Grammatical and phonological words
These claims can be clarified by distinguishing two of the established senses of the notion ‘word’. Phonological words (or word forms) are sequences of phonemes (or graphemes). Grammatical words (or words) are phonological words (or sequences of phonological words, in the case of multi-word expressions) with a morphosyntactic interpretation. It is the second of these senses that is of primary relevance to ‘word-based’ models. Bloomfield’s notion of “a minimum free form” provides the classic definition of the ‘grammatical’ word:
A minimum free form is a word.
A word is thus a form which may be uttered alone (with meaning) but cannot be analyzed into parts that may (all of them) be uttered alone (with meaning). (Bloomfield 1926:156)
On this interpretation, the three homophonous occurrences of hit in (3.1) are different words, realizing the preterite, past participle and infinitive forms of the verb hit. This is the notion of word that is most relevant to measures of token frequency, which treat each occurrence of a form as a separate ‘token’.
(3.1) a. She hit the target. (preterite)
b. She has hit the target. (past participle)
c. She will hit the target. (infinitive)
A “minimum free form... (with meaning)” also corresponds to the unit from which Robins (1959:128) claims “grammatical statements... are more profitably abstracted... than from individual morphemes”. In most languages, the abstraction of words is facilitated by cues that enhance their perceptual salience. Open- class items are often subject to a minimum word constraint, whether measured in terms of moras, syllables or metrical feet, and there is experimental evidence that speakers exploit these constraints in the segmentation of continuous speech (Norris et al. 1997). Words often define the positions at which stress, pitch or other suprasegmental features are realized, and word edges may be marked by processes such as boundary lengthening (Bybee 2001). The perceptual salience of words is enhanced by the fact that words (unlike sub-word units such as phonemes or morphemes) may stand on their own as independent utterances. In addition, if there is any content to notions like ‘the one-word stage’ (Dromi 1987), it would appear that the word is the basic utterance during early stages of language acquisition.
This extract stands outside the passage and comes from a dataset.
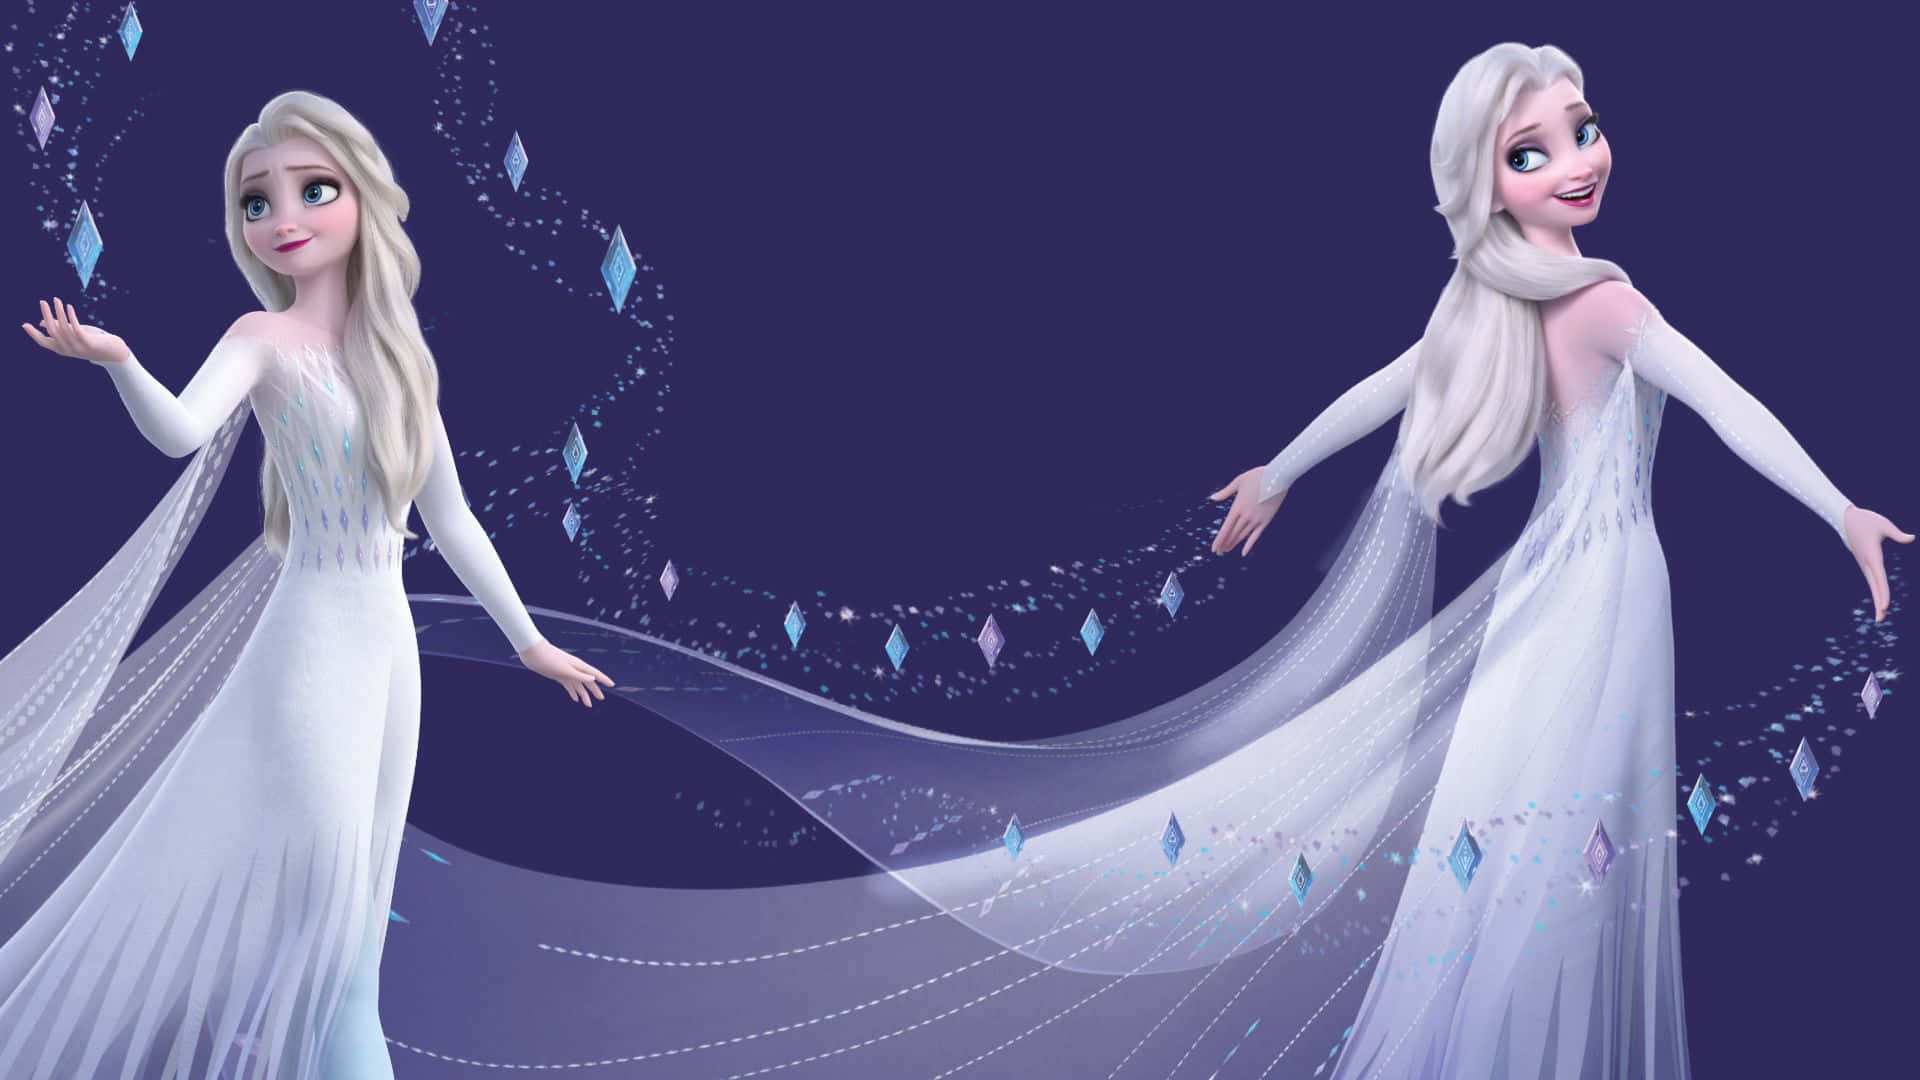 Lady Elsa in her Snowy White Dress from Disney's Frozen 2 Wallpaper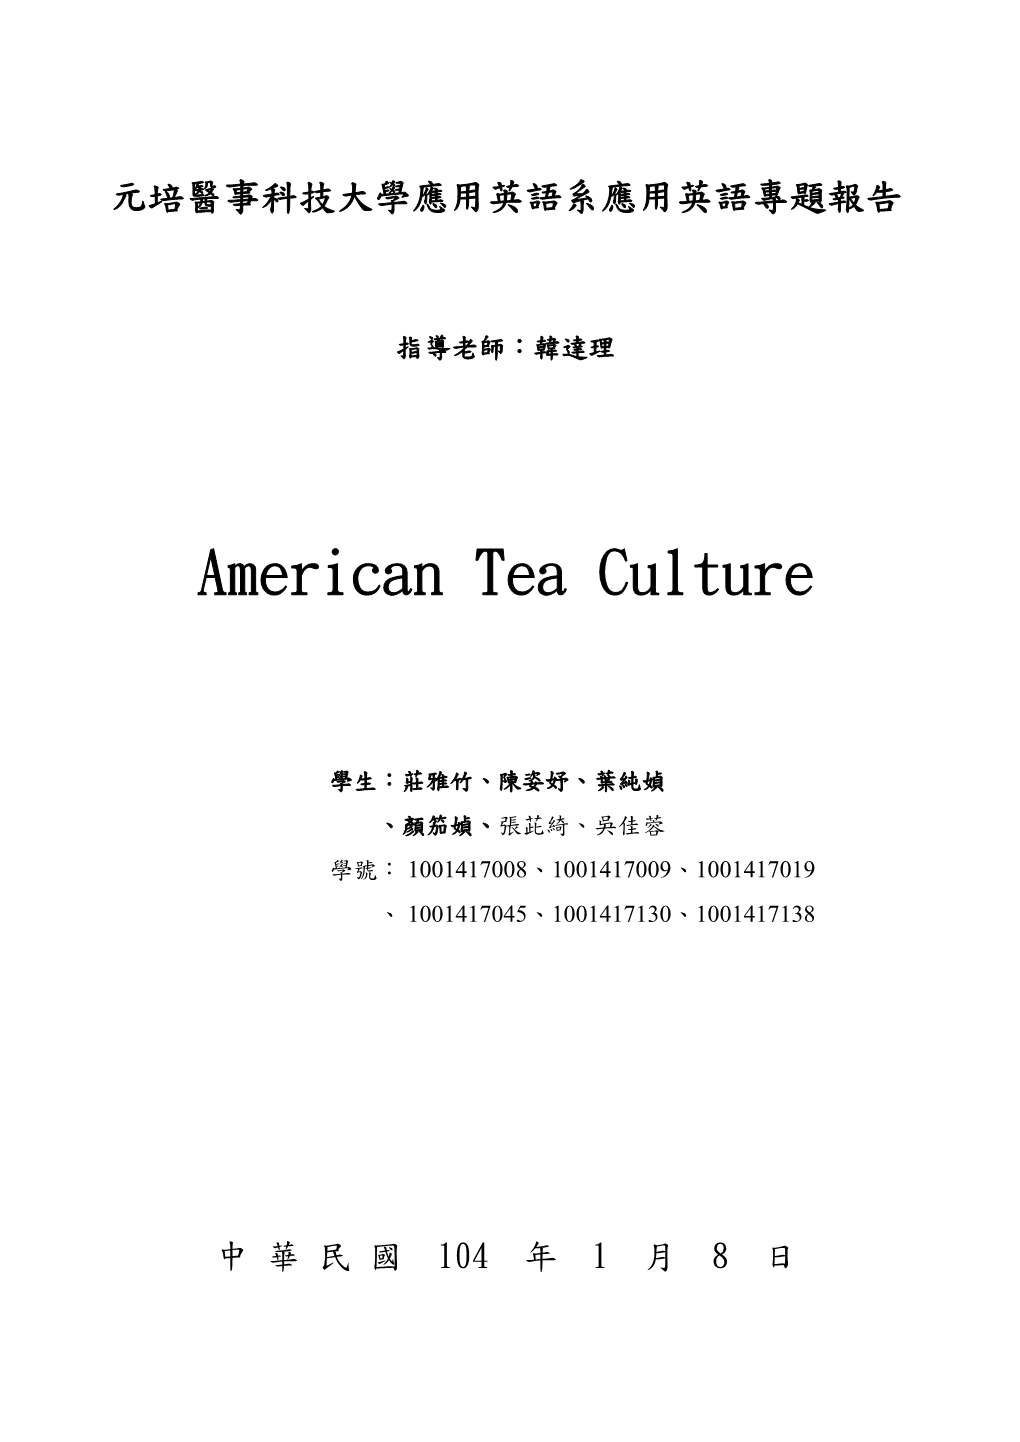 American Tea Culture(New)

As one might expect, the functional load of individual cues varies across languages, reflecting general differences in phonological systems, so that no single cue identifies words cross-linguistically. Moreover, it is often word forms that are most clearly demarcated in the speech stream by phonetic cues. Word forms in this sense are sequences of phonemes (or graphemes) without a fixed meaning or function. In (3.1), the single word form hit realizes the preterite, past participle and infinitive forms of the verb hit. The same word form realizes other forms of hit, as well as the corresponding noun in They took a hit, etc. Such simple forms do not ordinarily play a significant grammatical role, though they are central to recent frequency-based models.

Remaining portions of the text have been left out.